Other names for this practice include text data mining and text analytics.
Research suggests that 80% of business data consists of unstructured text data. In order to transform text-based big data into meaningful information and — eventually — actionable knowledge, text mining procedures may include:
- Information Retrieval (IR)
- Information Extraction (IE)
- Natural Language Processing (NLP)
- Other machine learning algorithms
The important element of text mining is to produce knowledge from distributed and isolated sources of data across structured, unstructured and semi-structured formats.
Use cases for text mining
Most traditional data platforms using data warehouse systems require preprocessing of information to adopt an established schema structure. Additionally, modern data platforms such as data lake and data lakehouse technologies also apply a schema structure based on tooling specifications at the analysis stage (schema-on-read).
With that context, we can confidently say that an automated and intelligent mechanism for transforming natural text data into a standardized format has plenty of applications, no matter your business function or your industry. These applications include:
- Sentiment analysis. Analyzing language nuances to understand customer sentiment on product performance, functionality and features. Relevant data may be available in the form of social media posts, emails, surveys and transcriptions that follow diverse linguistic semantics and nuances.
- Document categorization. Documents may be clustered and classified based on information themes, language style, metadata and attributes, consumption trends by end-users.
- Text summary. Reviewing large documents and text assets and extracting the most relevant or meaningful knowledge from the data.
- Name entity recognition. Extracting identifiable information pertaining to entities including users, partners, service providers, businesses, locations and other objects.
- Pattern recognition & knowledge discovery. Identifying knowledge and insights collectively from multiple sources of natural language. Machine learning algorithms are used to automatically identify patterns in the text and use existing knowledge or the generalization capability of the machine learning model to classify text as an insight, anomaly or pattern.
- Feedback analysis & recommender engines. Understanding customer preferences from natural language interactions in the form of social media posts, tickets submitted to the IT Service Desk, search queries and reviews published online. This knowledge is then used to improve product functions and features, recommend products and services that are most likely to engage a customer or close a purchase.
As the application of text mining becomes more complex, traditional statistical techniques for information retrieval and text classification do not suffice for two key reasons.
- Large volumes of text data must be efficiently processed and analyzed. This is where using traditional statistical techniques may produce accurate results at the expense of processing speed, and therefore are rendered ineffective in a business setting.
- The target keywords may not be recorded in a natural language or text format. This requires integration with complementing data mining techniques that process audio, images, video and log data streams.
Text mining: a two-phase process
Text mining has a high commercial value – imagine all that knowledge available in corporate databases!

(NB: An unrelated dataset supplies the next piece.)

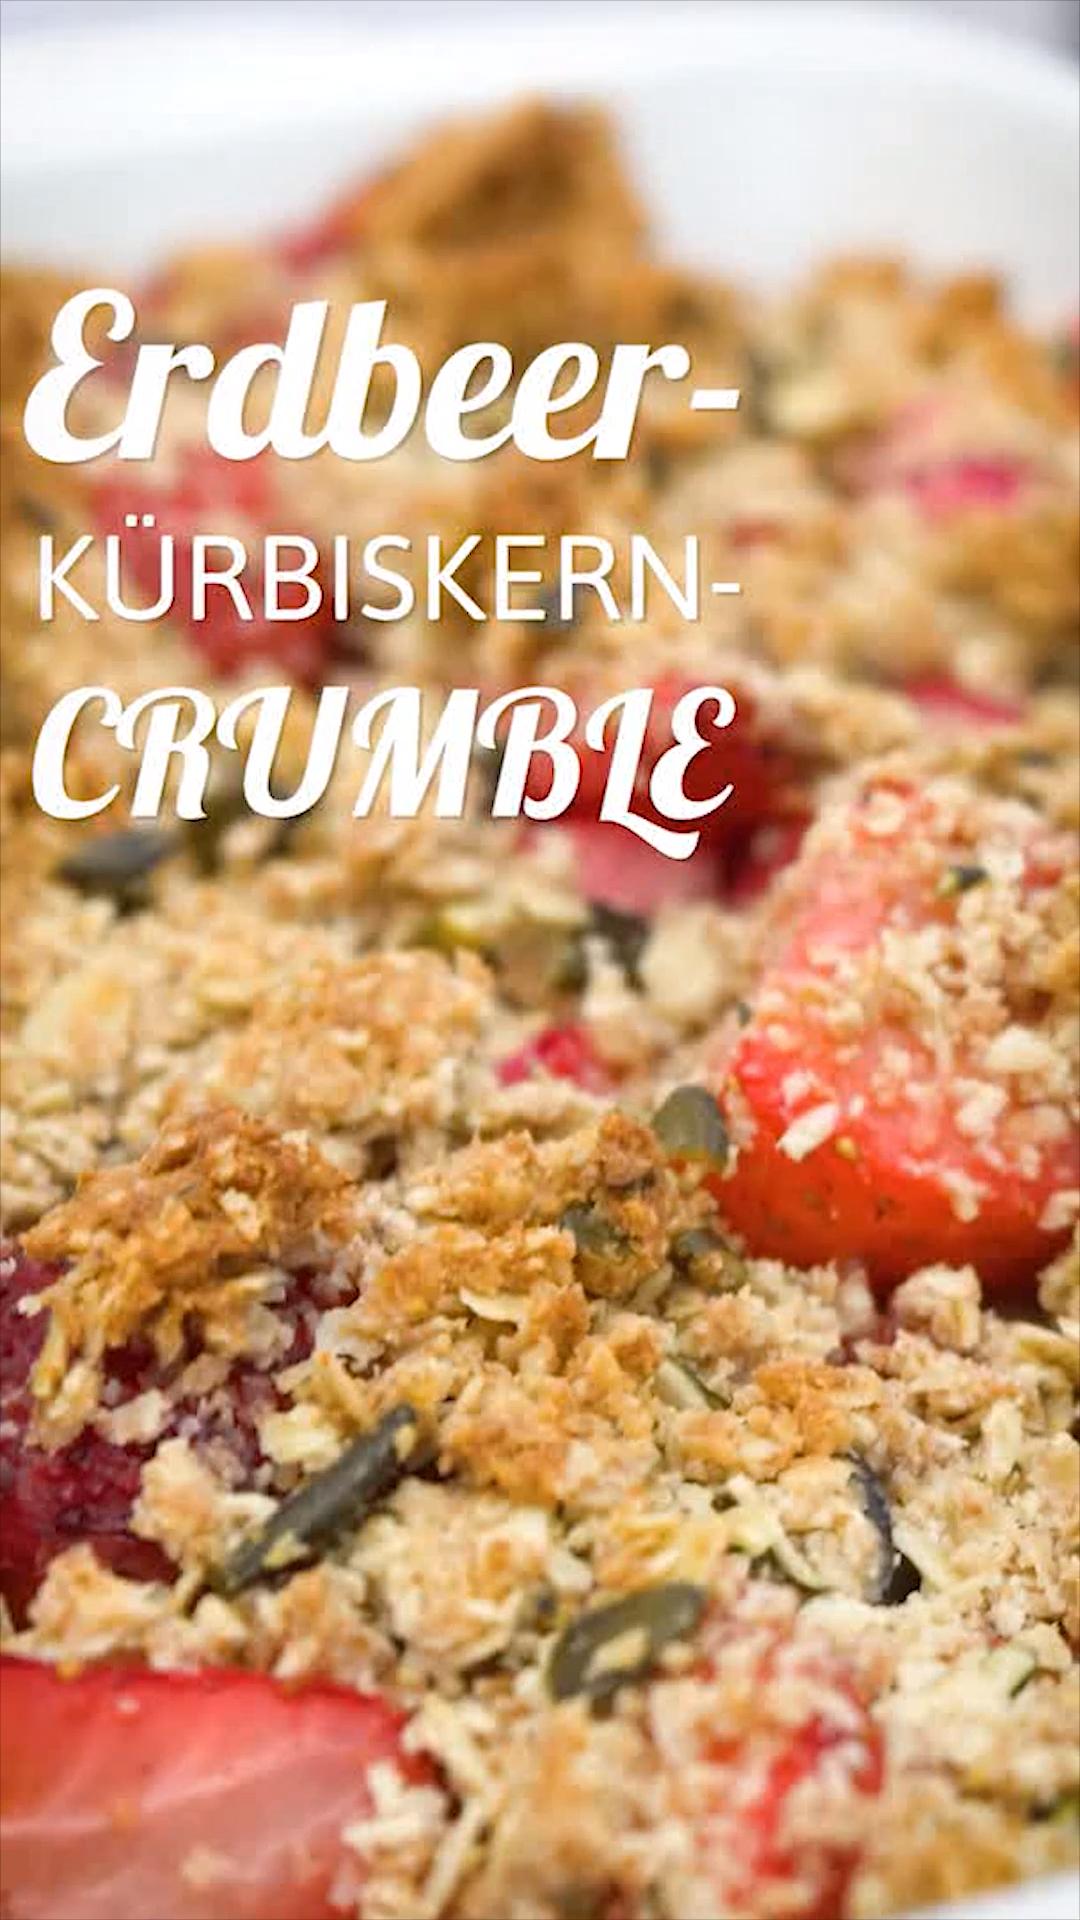 Erdbeer-Kürbiskern-Crumble #pumpkinseedsrecipebaked

But, extracting any non-trivial pattern from the text big data requires tedious manual efforts.
A simplified text mining process can be described in two phases: refining the text and distilling the knowledge contained therein.
Phase 1: Text refining
This is an intermediate step that processes unstructured text from resources such as emails, documents, images or other sources of text data, into a structured piece of information. AI techniques including Information Retrieval and Information Extraction are employed at this phase. The unstructured data may not conform to a unified standard required for an NLP tool for knowledge discovery.
Deviations including differences in language nuances and semantics make it challenging to assign a consistent structure to the available text big data.
Phase 2: Knowledge distillation & discovery
A refined text requires further analysis in order to discover patterns, extract knowledge, obtain contextual insights and answer specific questions.
The function of knowledge distillation employs advanced machine learning techniques including NLP that are used to discover knowledge from structured text efficiently and automatically. This knowledge may include non-trivial patterns that can only be deduced from refined text after exhaustive search, AI model training and learning.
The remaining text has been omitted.